[Records for the task]:
-*-*-

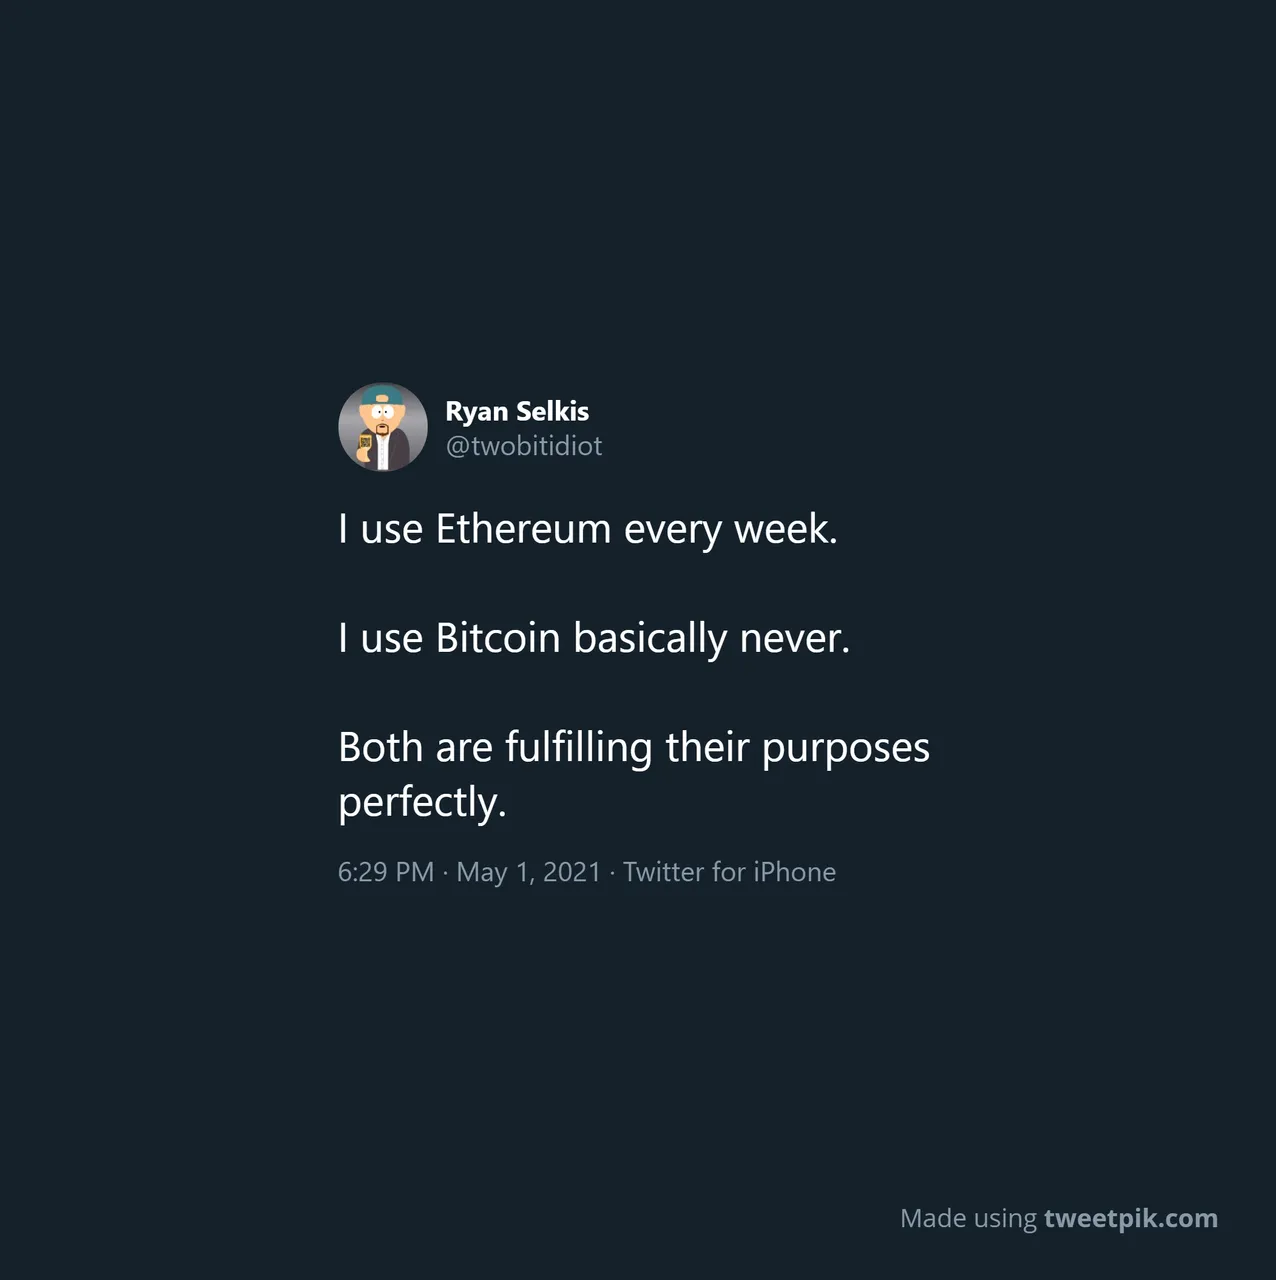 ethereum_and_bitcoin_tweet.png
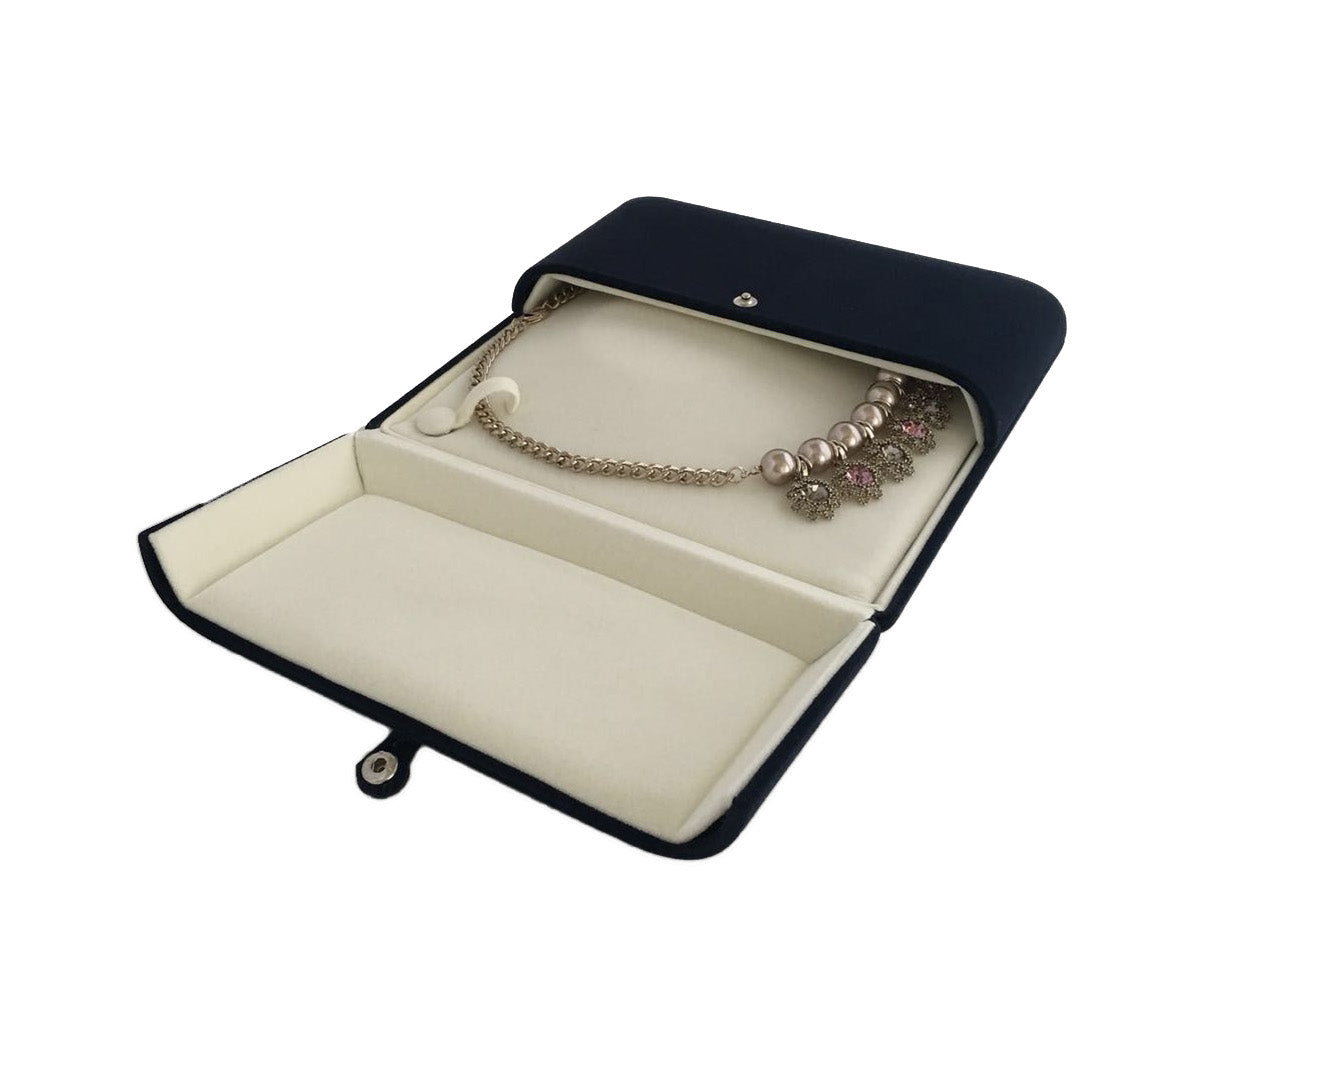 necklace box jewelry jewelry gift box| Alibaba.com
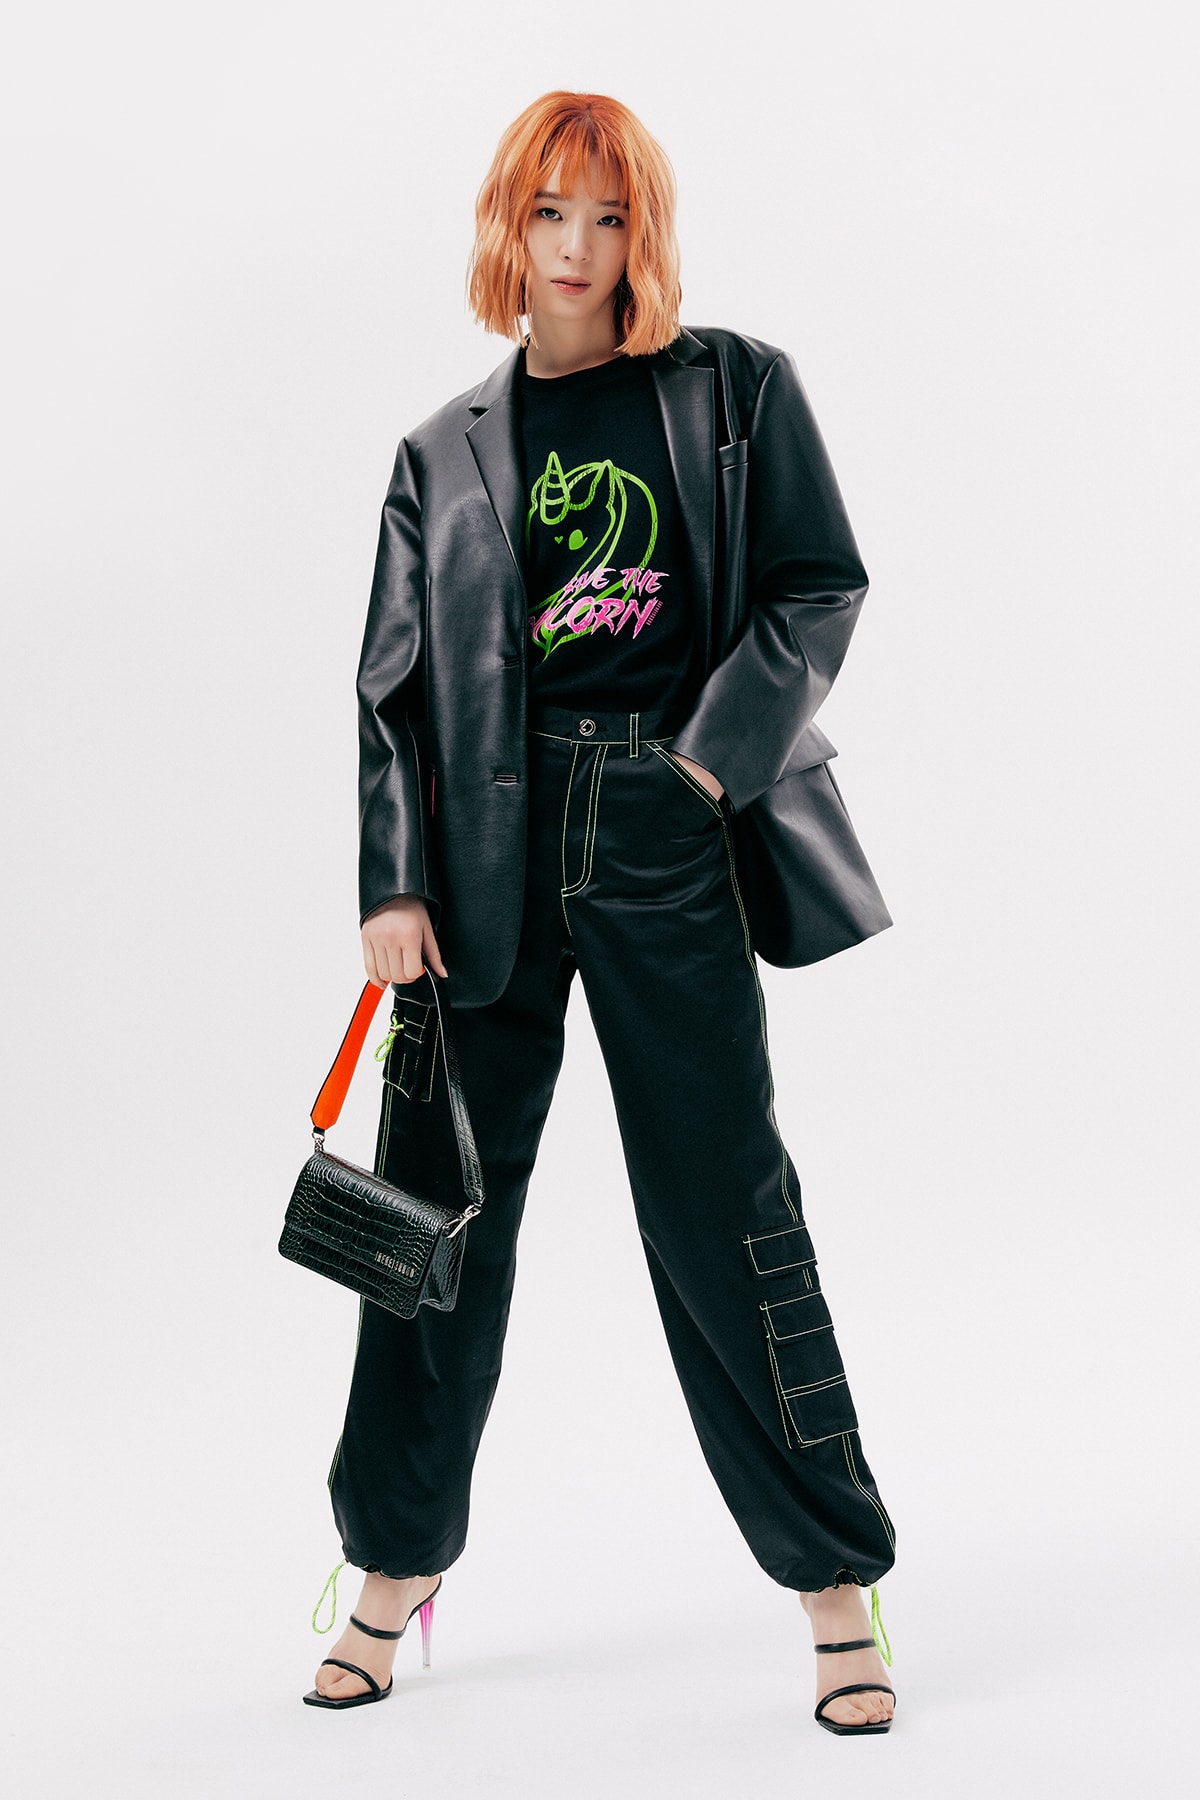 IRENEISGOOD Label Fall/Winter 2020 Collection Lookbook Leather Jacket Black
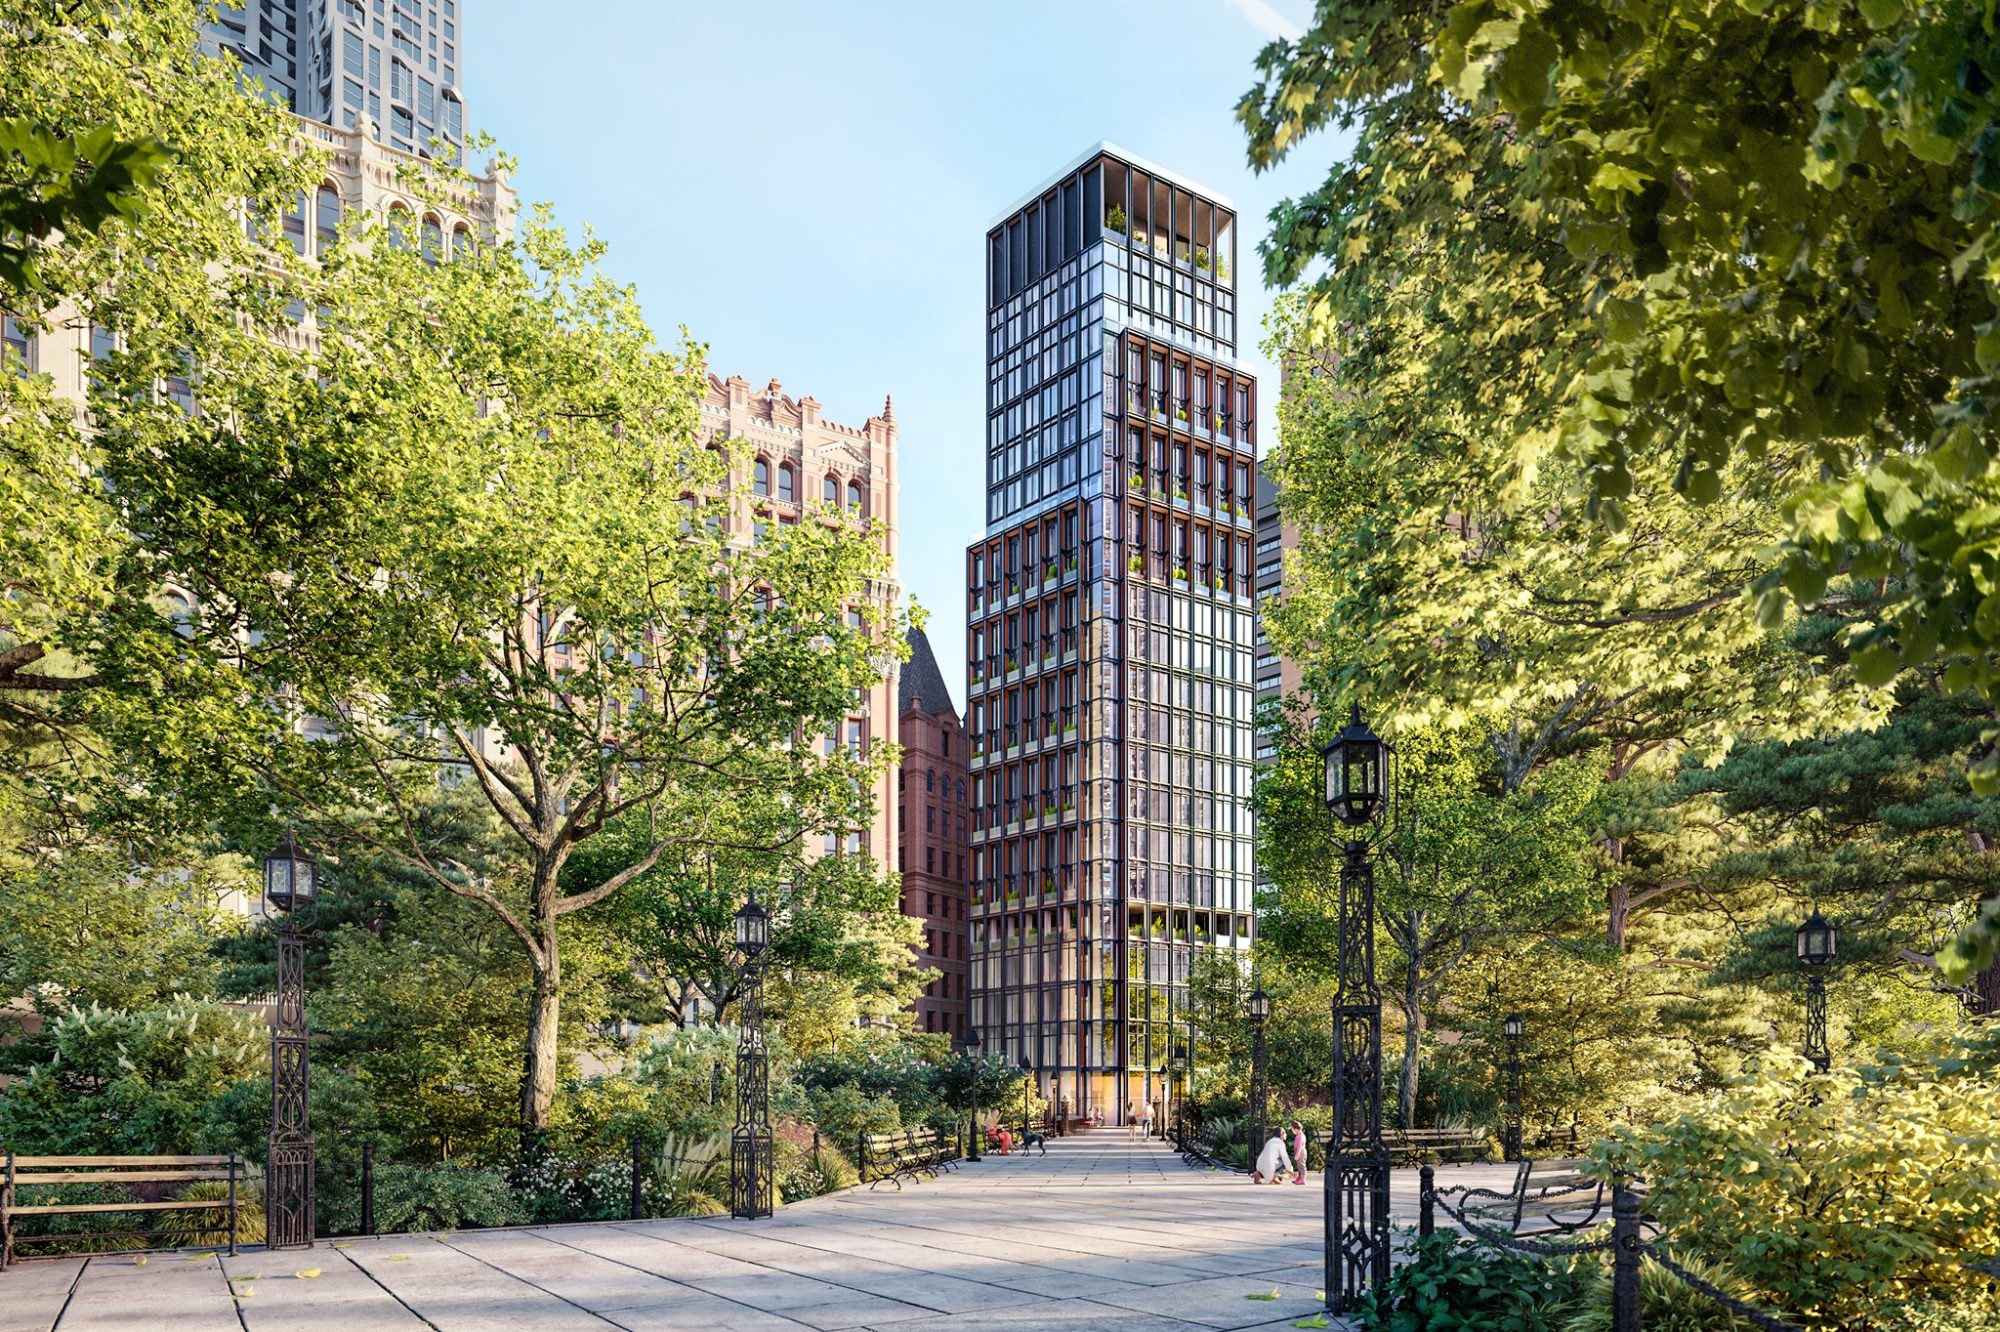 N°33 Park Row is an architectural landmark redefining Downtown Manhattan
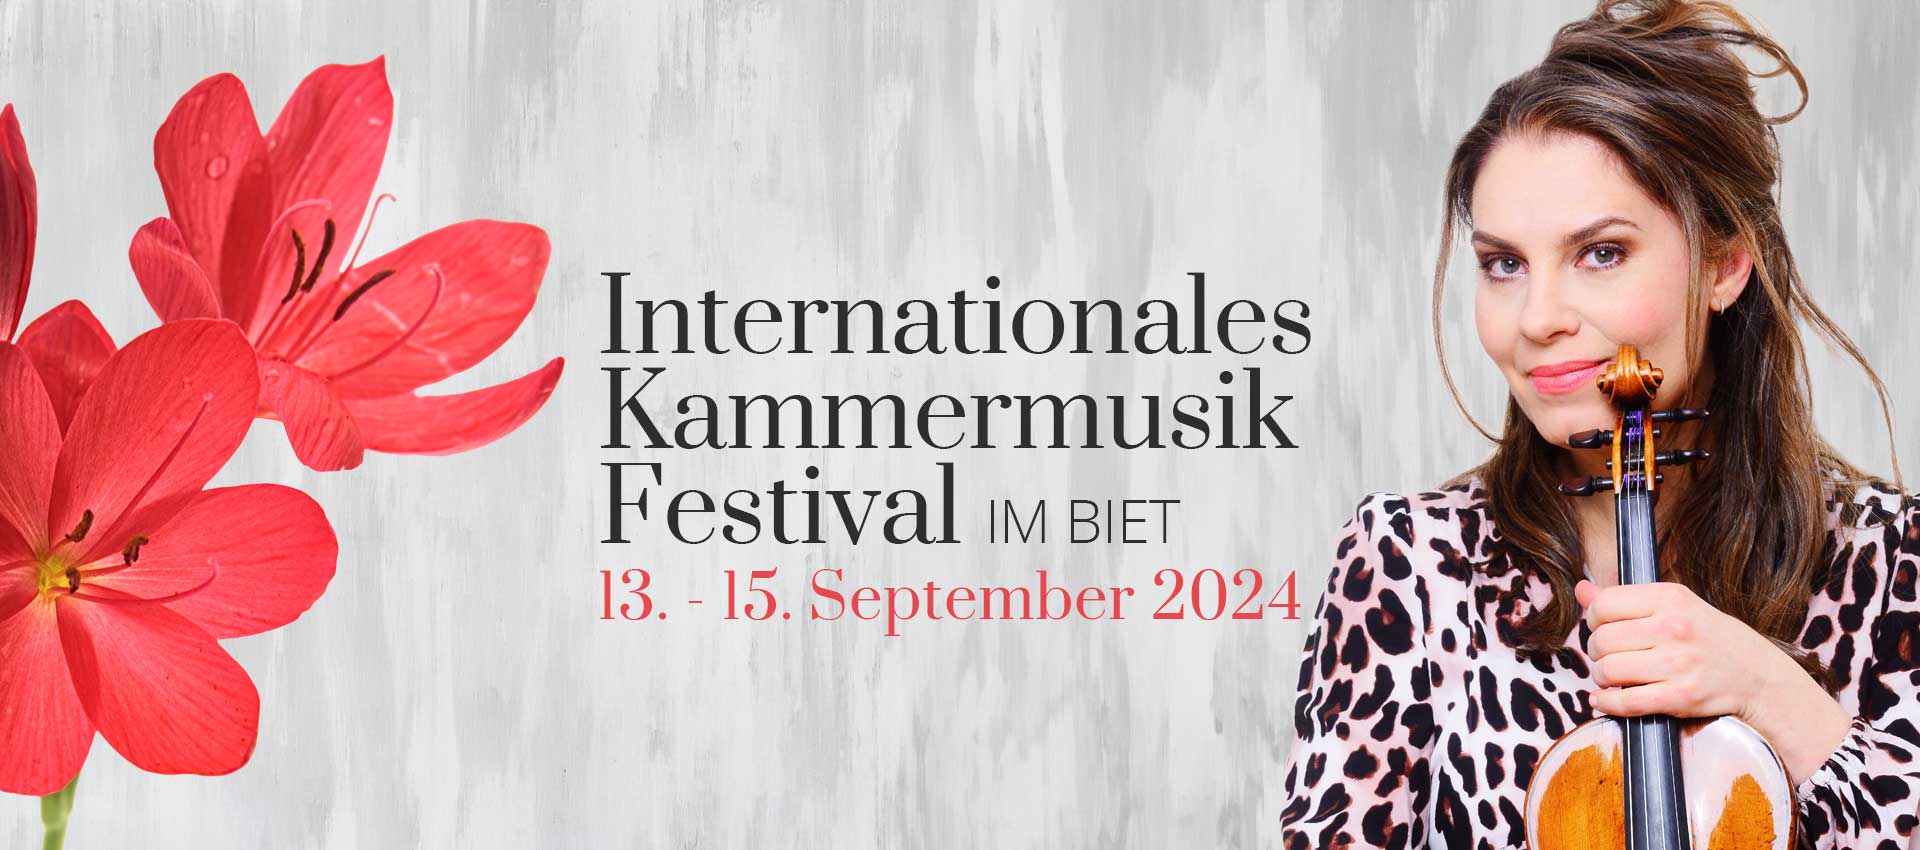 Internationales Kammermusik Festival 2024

-*-*-

[Task objective]: Images must not appear in the copy; reproduce everything else in the records verbatim.

[Solution to this task]:
 ethereum_and_bitcoin_tweet.png
 necklace box jewelry jewelry gift box| Alibaba.com
 IRENEISGOOD Label Fall/Winter 2020 Collection Lookbook Leather Jacket Black
 N°33 Park Row is an architectural landmark redefining Downtown Manhattan
 Internationales Kammermusik Festival 2024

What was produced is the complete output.